Dla mnie gierka bomba . Nie grałem w poprzednie części ale w tą najnowszą odsłonę grało mi się naprawdę super . Na pewno na duży plus zasługuje oprawa audiowizualna , oraz klimat i optymalizacja . Wymagające zagadki oraz różnorodne lokacje . Mały minus gra mogła by być tylko trochę dłuższa . Zapraszam na serię z całej gry https://www.youtube.com/watch?v=6S2yQ1rg738&list=PLVYHO_RNJKKhEh4sBKCcdB1Y-rpH0xW6V&index=1
Nie rozumiem skąd takie wysokie oceny. Uwielbiam Holmesa, a tu taka straszna gra...
Moja ocena 7.0
Jest lepiej, a nawet dobrze.
Wątek główny bardziej osobisty. Co prawda mamy cztery sprawy ze sobą nie powiązane, ale w czasie ich trwania czasami Holmes zajmuje się intrygą powiązaną z córką która z kolei nie zdradzając wiele, ma finał w ostatniej piątej sprawie. Wszystko jest bardziej filmowe, a nie sztywne jak w „Zbrodni i karze”
Bohaterowie wyglądają korzystniej, choć odnoszę wrażenie że zbyt metro seksualnie. Wyjątkiem jest postać Kate, której z kolej model jest strasznie sztuczny i wybija z imersji.
Mechanika szafy i przebrań jest wykorzystywana znacznie częściej. Niemal w każdej sprawie więcej niż jeden raz wykorzystujemy ten fortel.
Świat jest w pół otwarty. Można z Baker Street przejść spokojnie do Scontland Yard’u. Choć ulice mają bardziej układ prostego labiryntu, niż prawdziwego rozmieszczenia przecznic. Nie ma za bardzo co tam robić poza mini gierkami które występowały w wcześniejszym tytule. Główny powodem tego układu jest sporadycznie występujące poszukiwania konkretnego adresu i to jest spoko ( nie pamiętam już gier bez znacznika ). Konkretne miejsca mają sporo detali z tego okresu, lecz interaktywne są tylko dowody i ślady. Ostatni rozdział właśnie dzięki otoczeniu ma niezły klimat. Świątynia w drugim akcie z kolei jest najgorszym najnudniejszym i najbardziej irytującym poziomem.
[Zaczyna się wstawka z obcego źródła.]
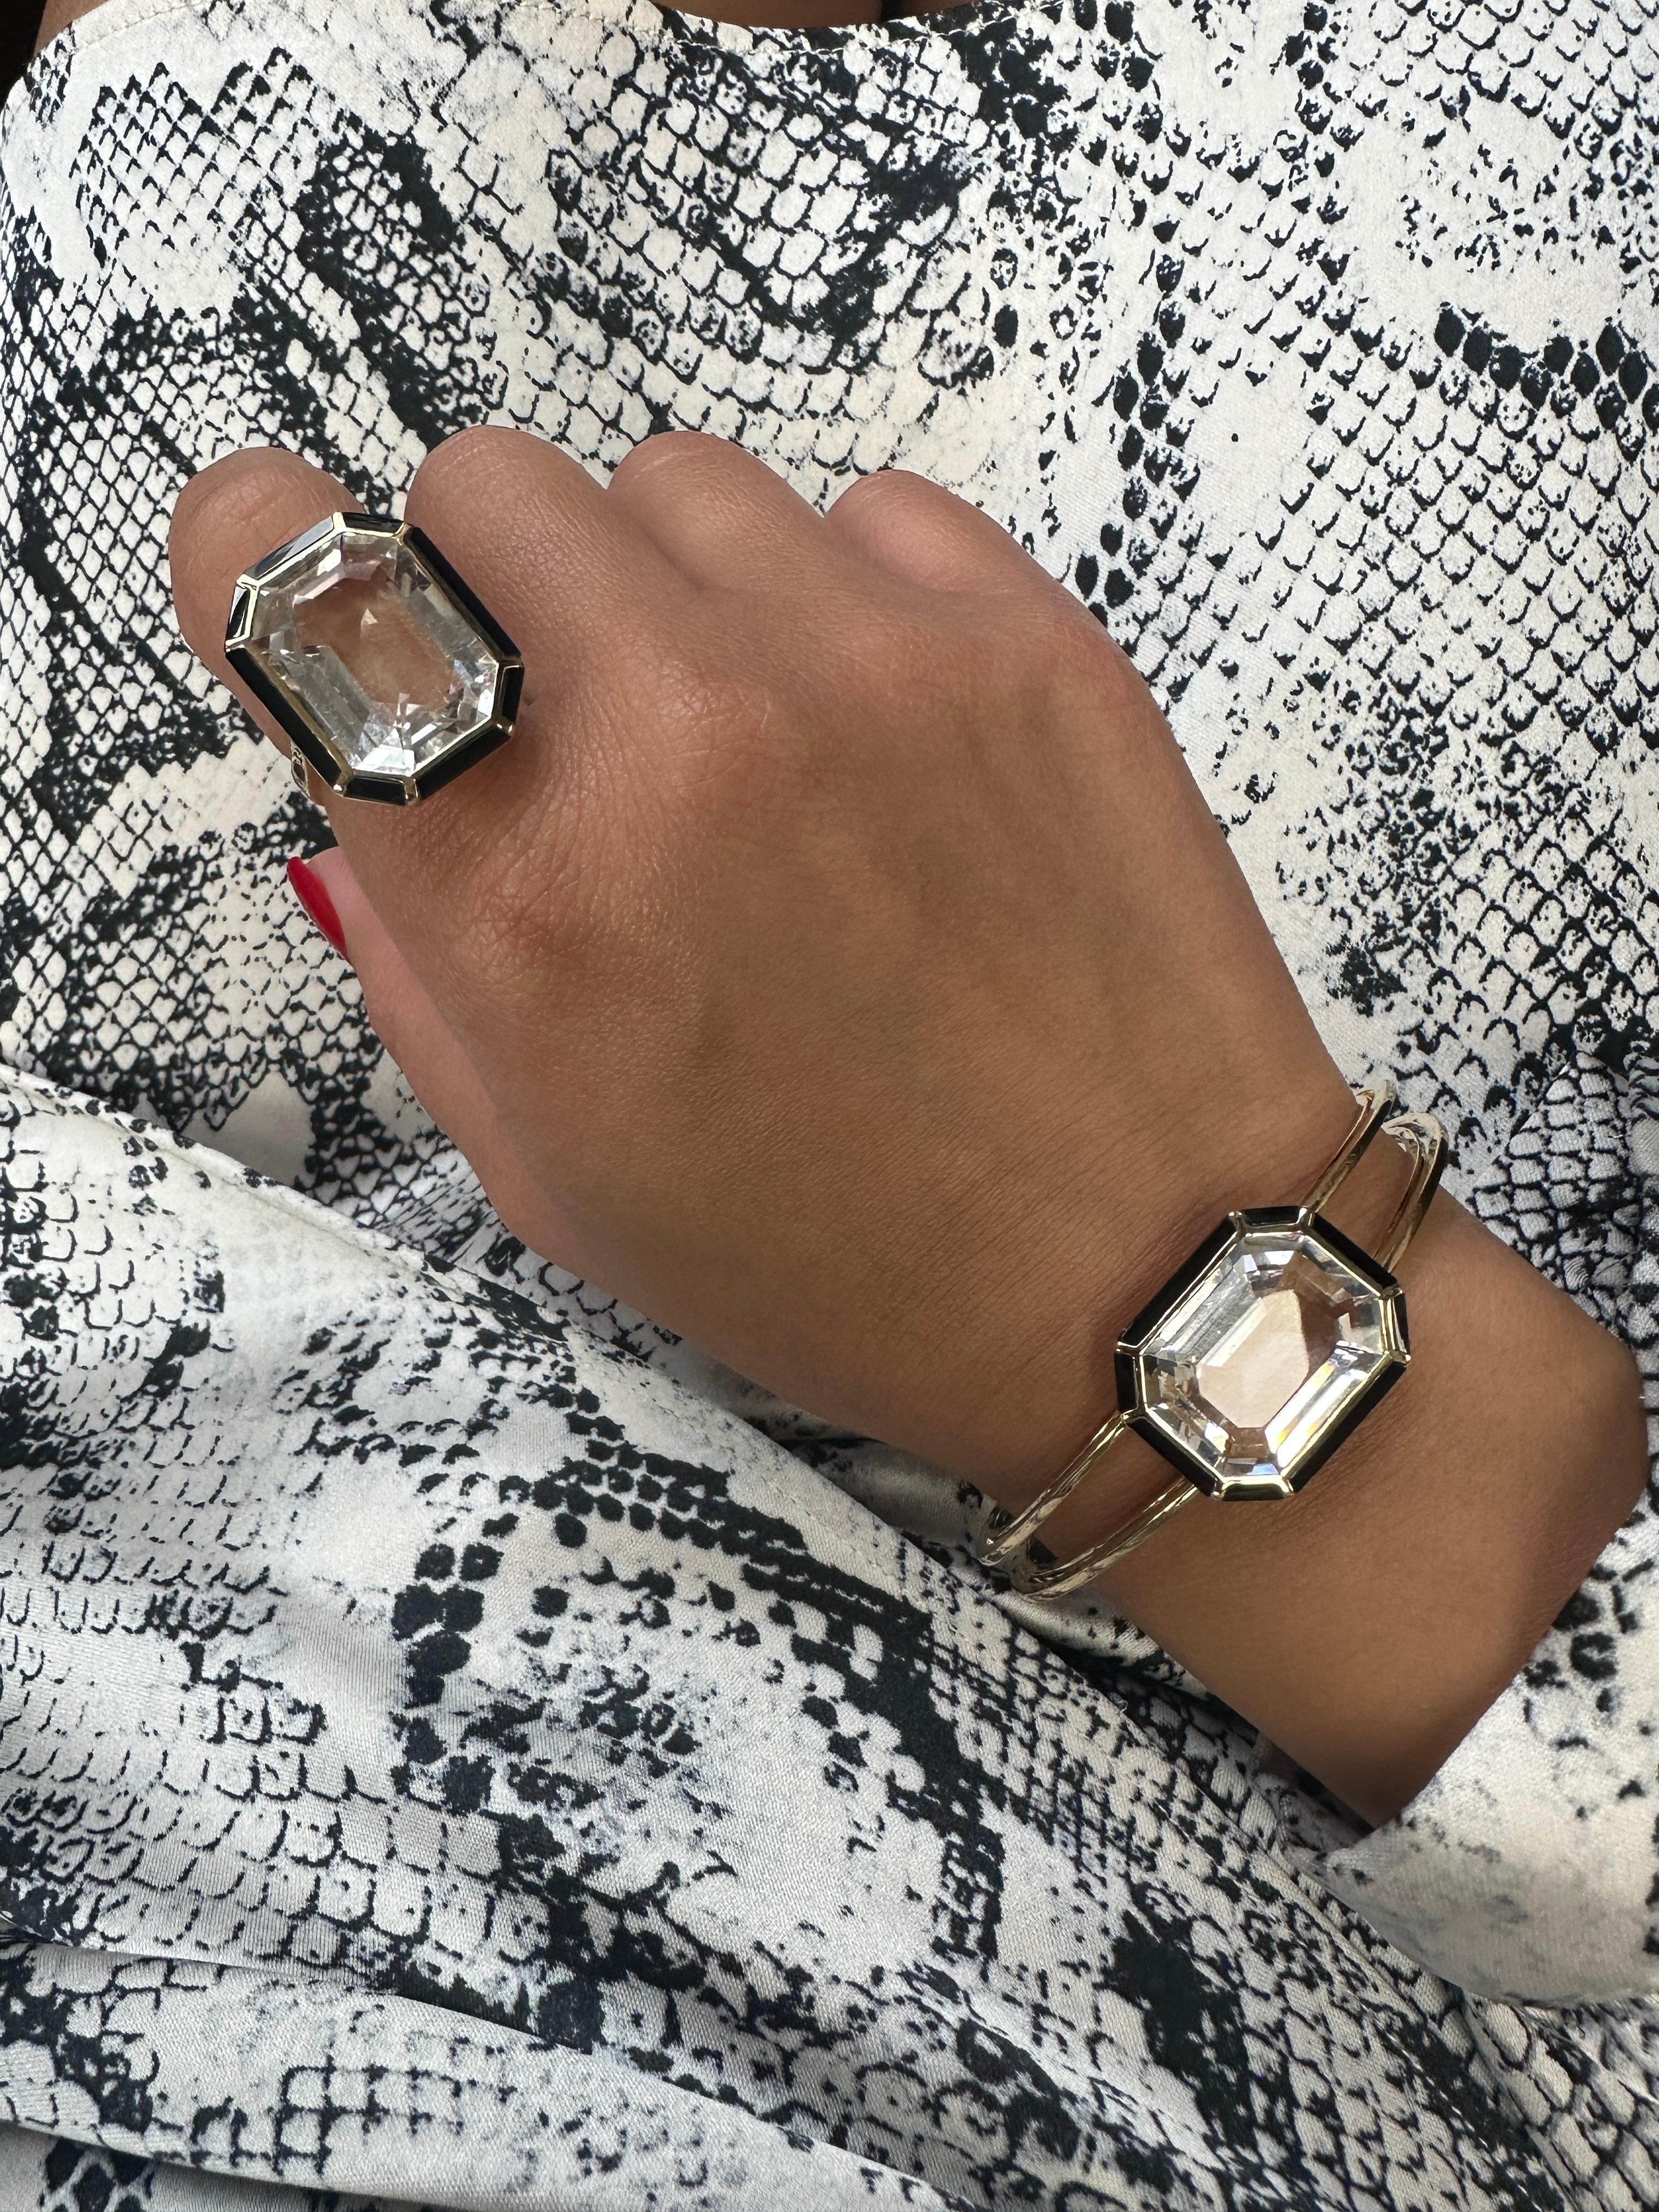 The Rock Crystal Onyx Emerald Cut Cuff from the 'Mélange' Collection is a stunning piece of jewelry in 18K yellow gold. It features an exquisite emerald-cut rock crystal with and onyx border. This cuff blends contrasting elements to create a

Podsumowując. Podoba mi się kierunek w który ta seria się zwróciła w tej części, przez co jestem zawiedzony zapowiedzianym prequelem w postaci Chapter One.
Tyłka nie urywa, ale nie jest źle. Gra jest raczej spokojna, kameralna i klimatyczna. Można się przy niej odprężyć. Kilka mechanik jest świetnych, z innymi nieco gorzej.